I would absolutely classify Palm Beach County as an outlier considering for a majority of the graphs, it is well outside of the rest of the observations. Palm Beach County as a single observation cannot be reasonably grouped with any of the other observations.
---
title: "Homework 5"
author: "Niyati Sharma"
description: "Homework 5 "
date: "12/9/2022"
format:
html:
toc: true
code-fold: true
code-copy: true
code-tools: true
categories:
- hw5
- Niyati Sharma
---
---
```{r}
#| label: setup
#| warning: false
library(tidyverse)
library(smss)
library(alr4)
knitr::opts_chunk$set(echo = TRUE)
```
## Answer1
# A
Of all the four predictors listed, Beds would be deleted first because it has the highest p-value
# B
For forward elimination, we would add Size to the model first.
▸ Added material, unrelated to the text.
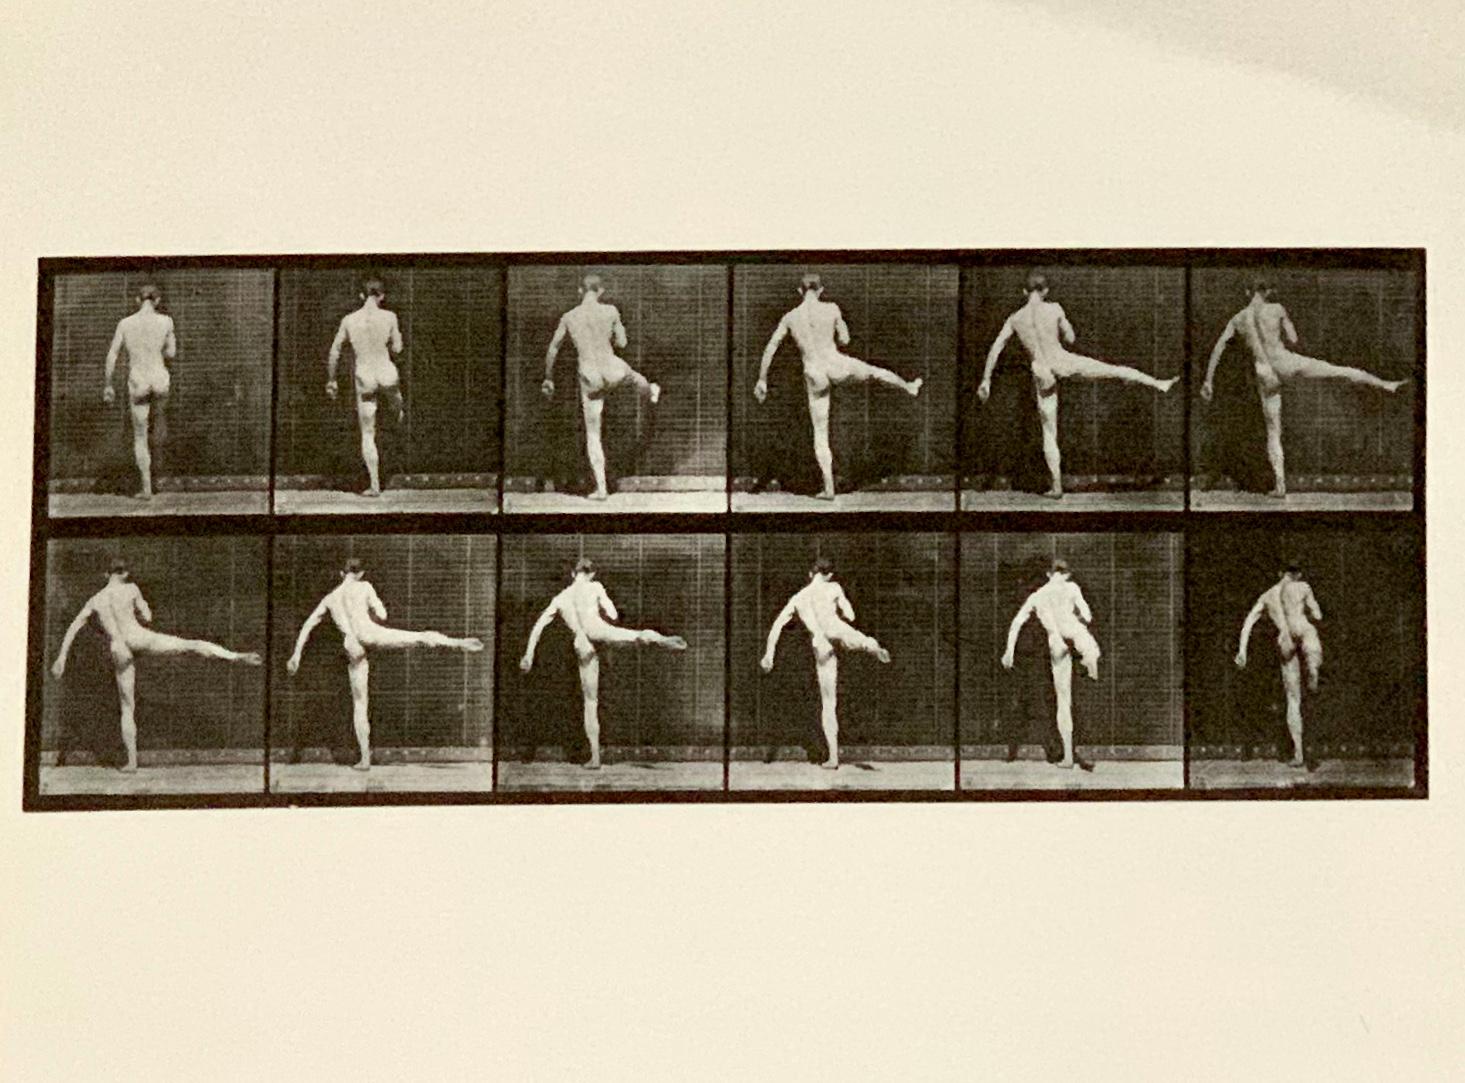 Eadward Muybridge is one of the most fascinating figures in the history of photography. Born in England, he moved to the US at the age of 20, becoming a successful bookseller in San Francisco in the decade that followed. En route to Europe for a

Since Size and New have similar p-values, the correlation matrix reinforces the selection of Size first since it has a higher correlation to price compared to New.
# c
I think that Beds has such a large p-value in the regression model because it is somewhat redundant information. Size its capturing the overall size of the house, including bedrooms,meaning Beds isn’t really adding anything new to the model. Beds could be highly correlated with price since more beds means larger size, but we already have Size accounting for a large portion of the variation.
# D
```{r}
library(smss)
data("house.selling.price.2")
reg <- house.selling.price.2
hw1_lm_full <- lm(P ~ S + Be + Ba + New, data=reg)
model_terms <- c('New', 'Ba', 'Be', 'S', 'Be + Ba + New', 'S + Be + New', 'S + Ba + New', 'S + Be + Ba', 'Ba + New', 'Be + New', 'Be + Ba', 'S + New', 'S + Be', 'S + Ba', 'S + Be + Ba + New')
hw1_model_stats <- data.frame(model = character(),
r2 = numeric(),
adj_r2 = numeric(),
PRESS = numeric(),
AIC = numeric(),
BIC = numeric(),
stringsAsFactors = FALSE)
PRESS <- function(model) {
i <- residuals(model)/(1 - lm.influence(model)$hat)
sum(i^2)
}
```
```{r}
attach(hw1)
for(i in 1:length(model_terms)){
lm.i <- lm(paste("P ~ ", model_terms[i], sep = ""))
sul = summary(lm.i)
rowsss <- c(model_terms[i],
signif(sul$r.squared, 4),
signif(sul$adj.r.squared, 4),
signif(PRESS(lm.i), 4),
signif(AIC(lm.i), 4),
signif(BIC(lm.i))
)
hw1_model_stats <- rbind(hw1_model_stats, rowsss)
}
colnames(hw1_model_stats)<-c("Model", "R2", "Adj R2", "PRESS", "AIC", "BIC")
kbl <- knitr::kable(hw1_model_stats)
```
* R2 - In terms of R2, using all the predictors wins out by a slim margin (.8681)
* Adjusted R2 - In terms of Adjusted R2, using Size, Baths, and New wins out.
* PRESS - In terms of using PRESS, again, using Size, Baths, and New wins out.
* AIC - In terms of using AIC, again, using Size, Baths, and New wins out.
* BIC - In terms of using BIC, again, again,using Size, Baths, and New wins out.
# E
Based off the five criterion listed in the previous question, the model that uses (size, baths, new) as predictors won out on four of the five criteria, thus I would use this model.
## Answer 2
# a
```{r}
black_cherry <- trees
black_cherry_lm <- lm(Volume ~ Height + Girth, data = black_cherry)
par(mfrow = c(2,3)); plot(black_cherry_lm, which = 1:6)
```
# b
The following regression assumptions are being violated:
* Homoskedasticity - According the the residuals vs fitted plot, the residuals seemed to be grouped at various spots within the plot. This seems to suggest some heteroskedasticity going on.
* Independence of Errors - Judging by the Cook’s Distance and Residuals vs Leverage plots, observation 31 seems to be unusually influential. Given its distance from observations, as well as the observation falling outside of the bound in the Residuals vs Leverage plot, it be said that due to this observation, this assumption is being violated.
## Answer 3
# a
```{r}
vt <- lm(Buchanan ~ Bush, data=florida)
par(mfrow = c(2,3)); plot(vt, which = 1:6)
```
# b
I would absolutely classify Palm Beach County as an outlier considering for a majority of the graphs, it is well outside of the rest of the observations. Palm Beach County as a single observation cannot be reasonably grouped with any of the other observations.